- _Data provided_
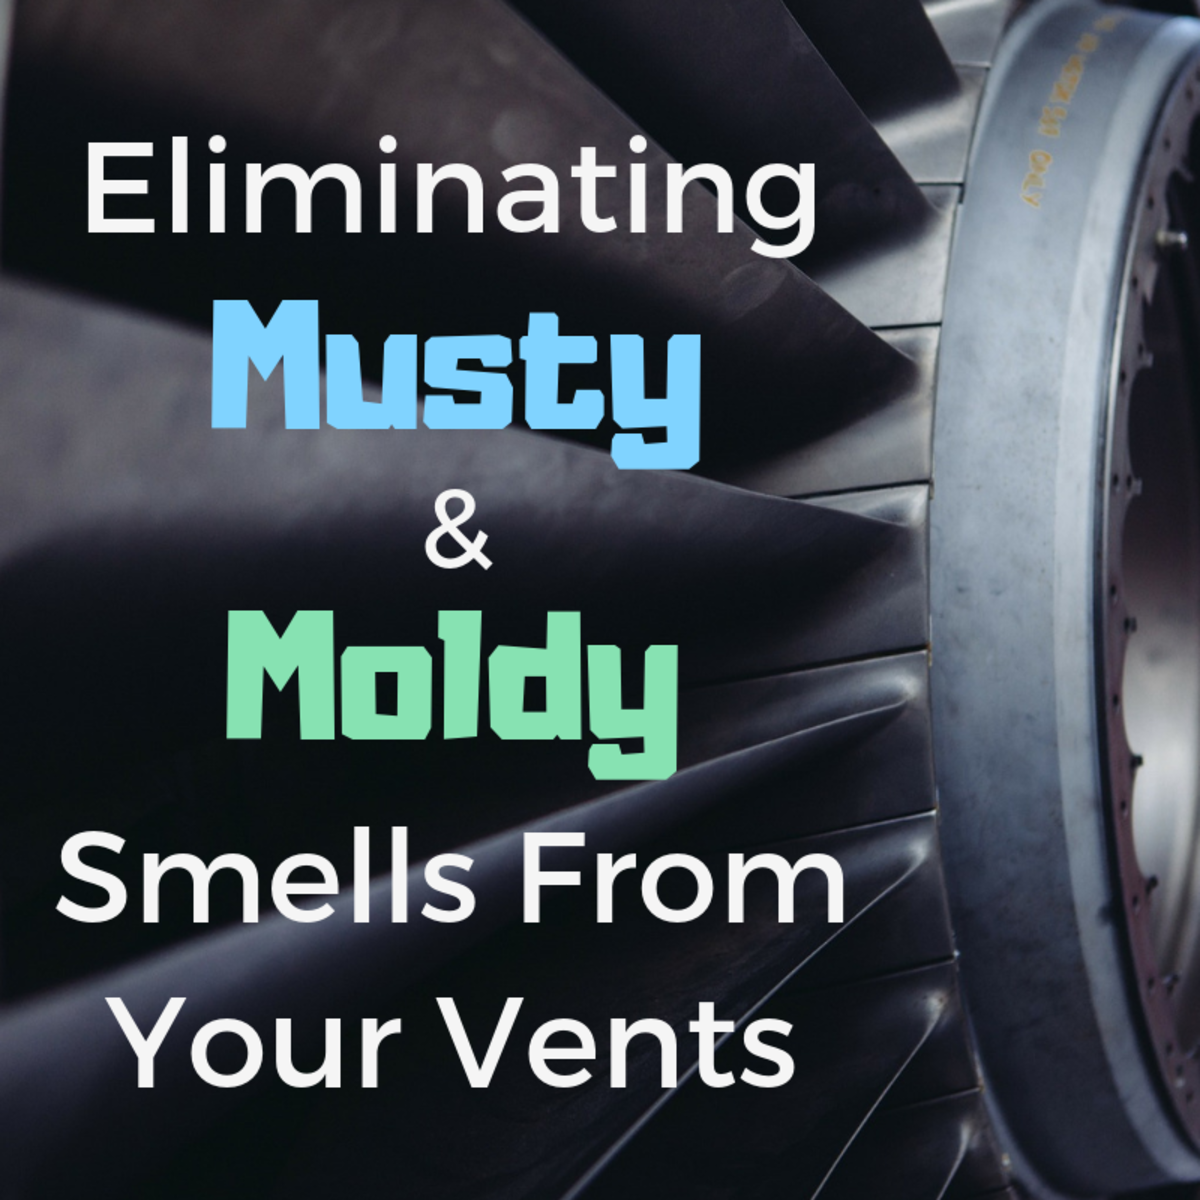 How to Remove Musty and Moldy Air Odors From Your Vents
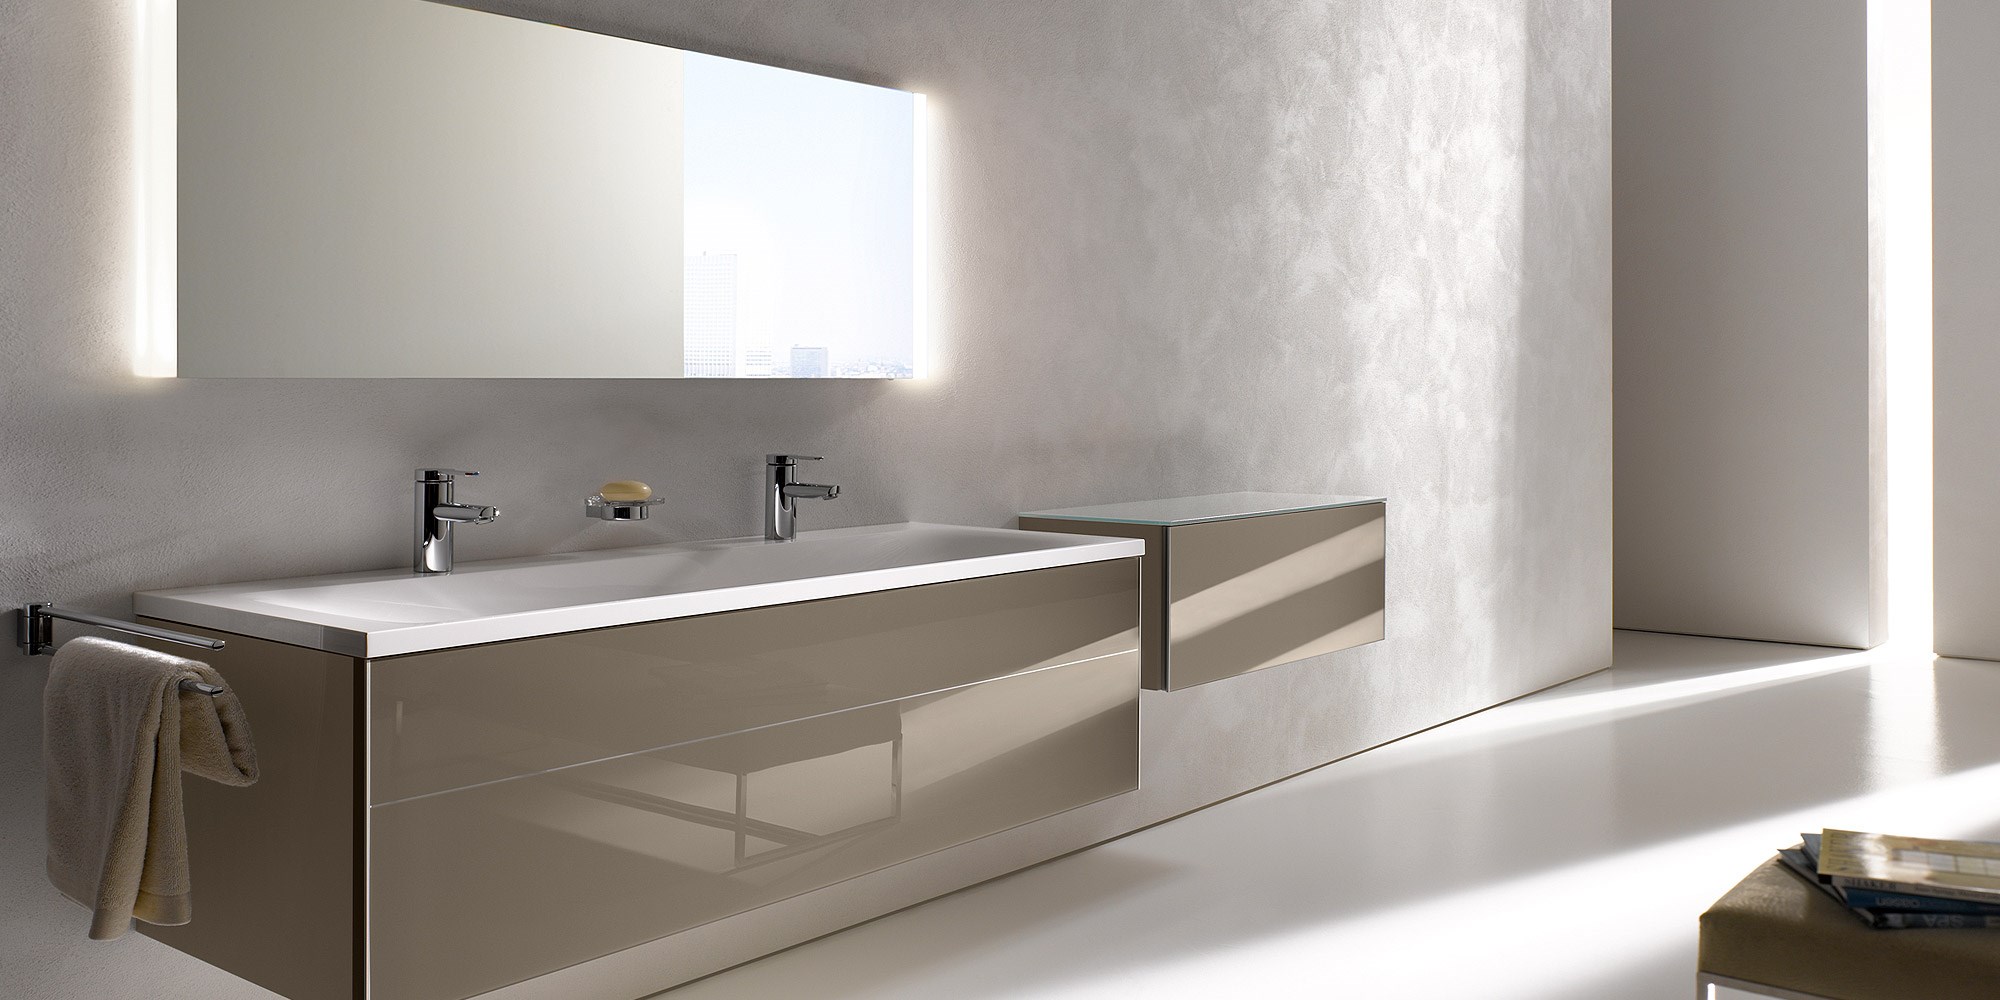 BATHROOMS BY KEUCO from Channel Island Ceramics
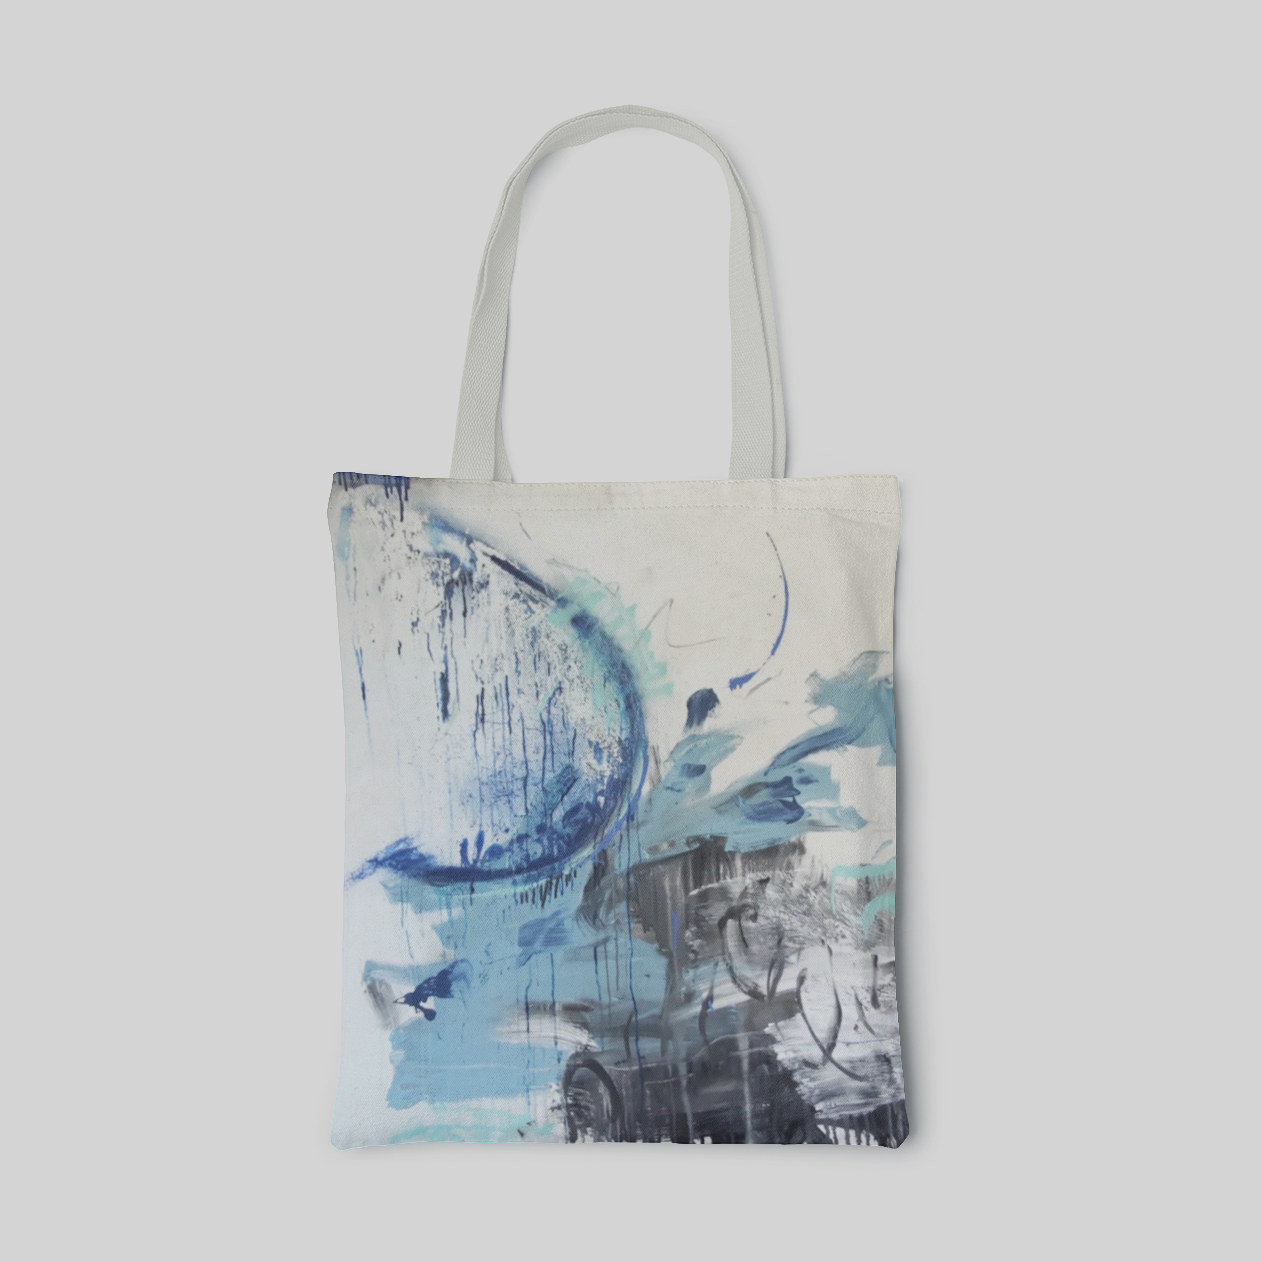 blanch abstract designed tote bag with blue and black paint art, front side

- _What the exercise asks_
At the line containing "BATHROOMS BY KEUCO", start reproducing exactly, and stop after the last line of the listing; include both ends, and leave the pictures out.

- _Response to the exercise_
 BATHROOMS BY KEUCO from Channel Island Ceramics
 blanch abstract designed tote bag with blue and black paint art, front side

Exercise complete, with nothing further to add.